The Supreme Court has ordered David Mark and rival claimants to the leadership of the African Democratic Congress (ADC) to return to the Federal High Court, where the dispute over who legitimately leads the opposition party will finally be heard and determined on its merits.
Delivering a unanimous judgment on Thursday, a five-member panel of the apex court headed by Justice Mohammed Garba upheld the Court of Appeal’s dismissal of Mark’s appeal on procedural grounds, but struck down a critical preservatory order that had become the legal backbone of a far-reaching decision by the Independent National Electoral Commission (INEC).
EDITOR’S PICKS
The ruling does not settle who leads the ADC. But it hands the Mark-led executive a significant, if temporary, restoration of standing.
EKO HOT BLOG explains what that means and how all of these came to be.
How the Crisis Unfolded
The ADC’s leadership crisis traces to the exit of Ralph Nwosu, the party’s founder and former national chairman. Nafiu Bala, a former vice-chairman of the party, argued that he never resigned his position and that the party’s constitution entitled him to assume leadership upon Nwosu’s departure.

He declared himself acting national chairman and filed suit at the Federal High Court in September 2025, seeking to stop the Mark-led executives from parading themselves as national officers and compelling INEC to recognise his own faction.
The Federal High Court did not grant an injunction. It merely ordered the respondents, including INEC, to be put on notice to show cause why Bala’s motion should not be granted. Mark, dissatisfied even with that interlocutory step, filed an appeal at the Court of Appeal challenging the Federal High Court’s jurisdiction to continue hearing the suit at all.
The appellate court dismissed that appeal in its entirety on March 12, 2026, finding it procedurally incompetent. Mark had relied on an enrolled order rather than the actual judicial proceedings, had failed to seek the required leave before approaching the appellate court on an interlocutory matter, and had raised jurisdiction arguments that were still properly before the trial court.

Having dismissed the appeal, the Court of Appeal went further, directing parties to maintain the “status quo ante bellum” and ordering accelerated hearing of the substantive suit.
It was that status quo order — issued after the appellate court had already dismissed the appeal before it — that the Supreme Court has now nullified.
INEC’s Argument No Longer Has a Leg to Stand On
The Court of Appeal’s status quo order handed INEC a legal peg on which to hang a consequential decision.
On April 1, 2026, the commission announced that it would no longer recognise any faction of the ADC — neither the Mark-led executives nor the Bala-led claimants — and would refrain from engaging with either group or monitoring their activities, including meetings, congresses, and conventions. INEC positioned this as a neutral reading of the appellate court’s order to preserve the status quo: since no leadership had been judicially validated, the commission would deal with neither.
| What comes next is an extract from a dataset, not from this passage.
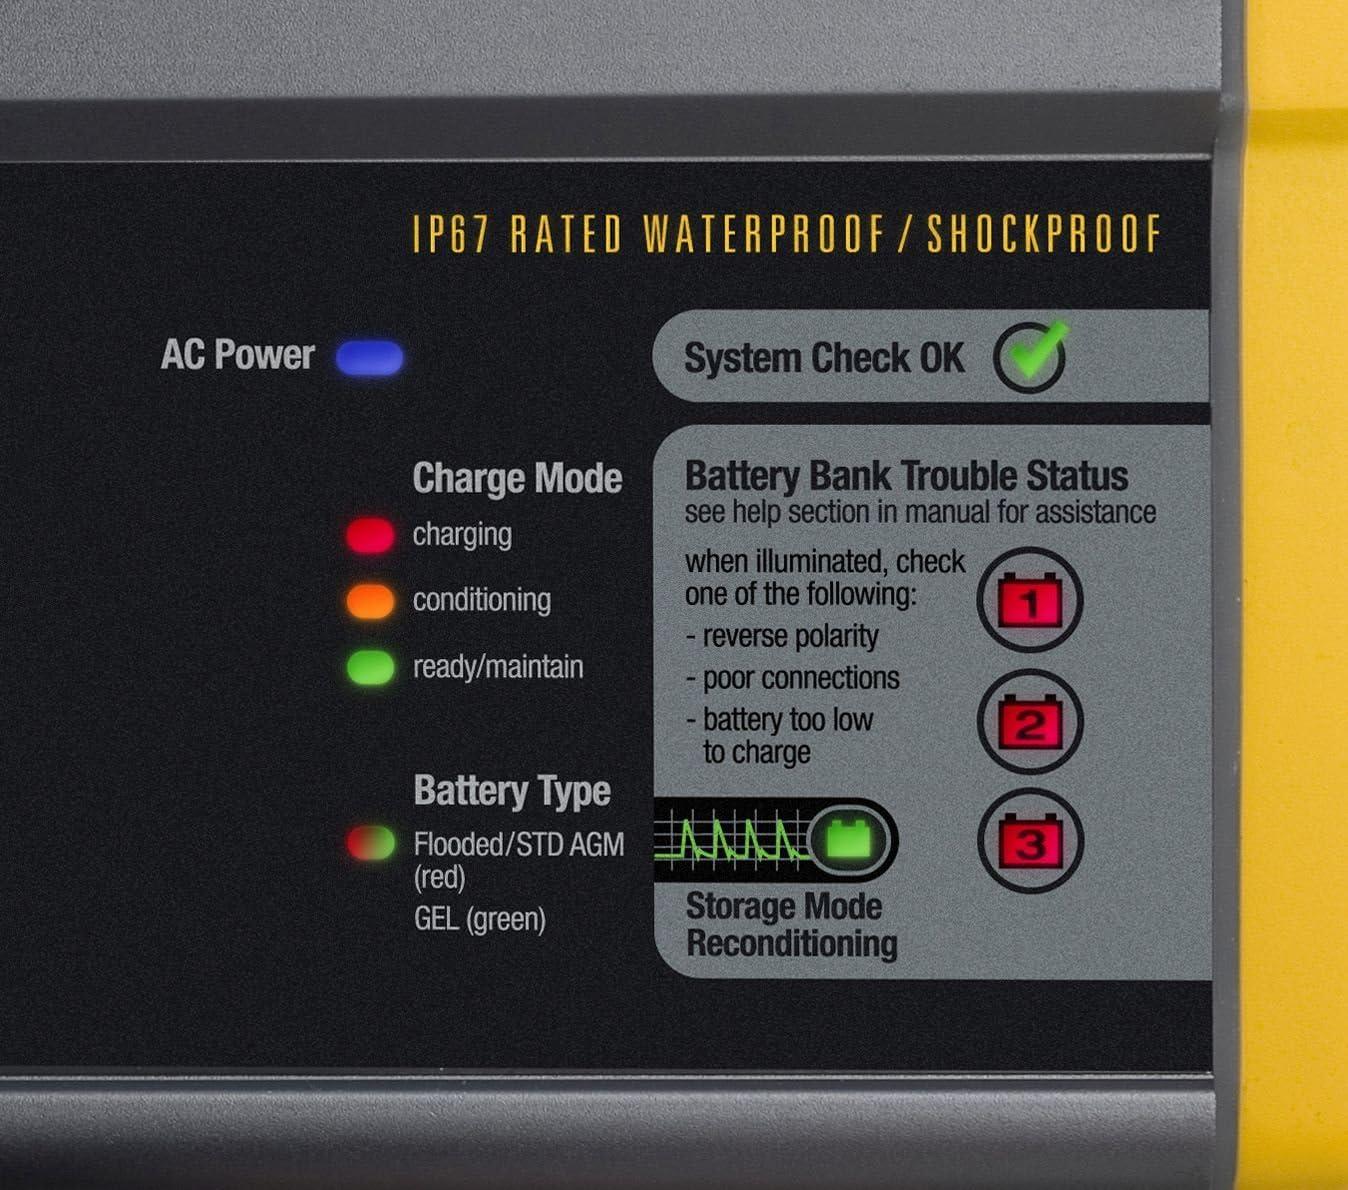 Promariner 43021 Battery Charger Prosport 20 Amp - 3 Bank: Automotive

That reasoning has now been dismantled at its foundation.
The Supreme Court was unambiguous. Issuing a status quo order in an appeal it had already dismissed was, in the words of Justice Garba, “unnecessary, unwarranted and improper.” The order was nullified. And with it, the only judicial basis for INEC’s derecognition collapses.
Here is the critical point: no court has ordered INEC to stop recognising the Mark-led executive. No injunction exists against them. No restraining order has been granted. The Federal High Court, when Bala’s suit was first heard in September 2025, declined to issue such an order, it only asked parties to appear. INEC’s decision to suspend recognition of the Mark leadership was not compelled by any court. It was a unilateral administrative decision, dressed in the language of judicial compliance, that has now lost even that pretence of legal cover.
As it stands, the Mark-led executive retains its position as the last recognised leadership of the ADC. The burden has shifted, sharply, to INEC to justify continued non-recognition, and that justification no longer exists.

What Comes Next
All parties are directed to return to the Federal High Court before Justice Emeka Nwite, where the substantive suit, marked FHC/ABJ/CS/1819/2025, will now proceed. The core questions remain unresolved: whether Bala legitimately assumed leadership upon Nwosu’s exit, and what INEC’s obligations are pending a final determination.
FURTHER READING
But the immediate pressure is not on the parties. It is on INEC. The commission must now either reverse its derecognition of the Mark leadership or defend a position for which it no longer has judicial backing. For an opposition party trying to position itself as a coalition vehicle ahead of 2027, that clarification cannot come soon enough.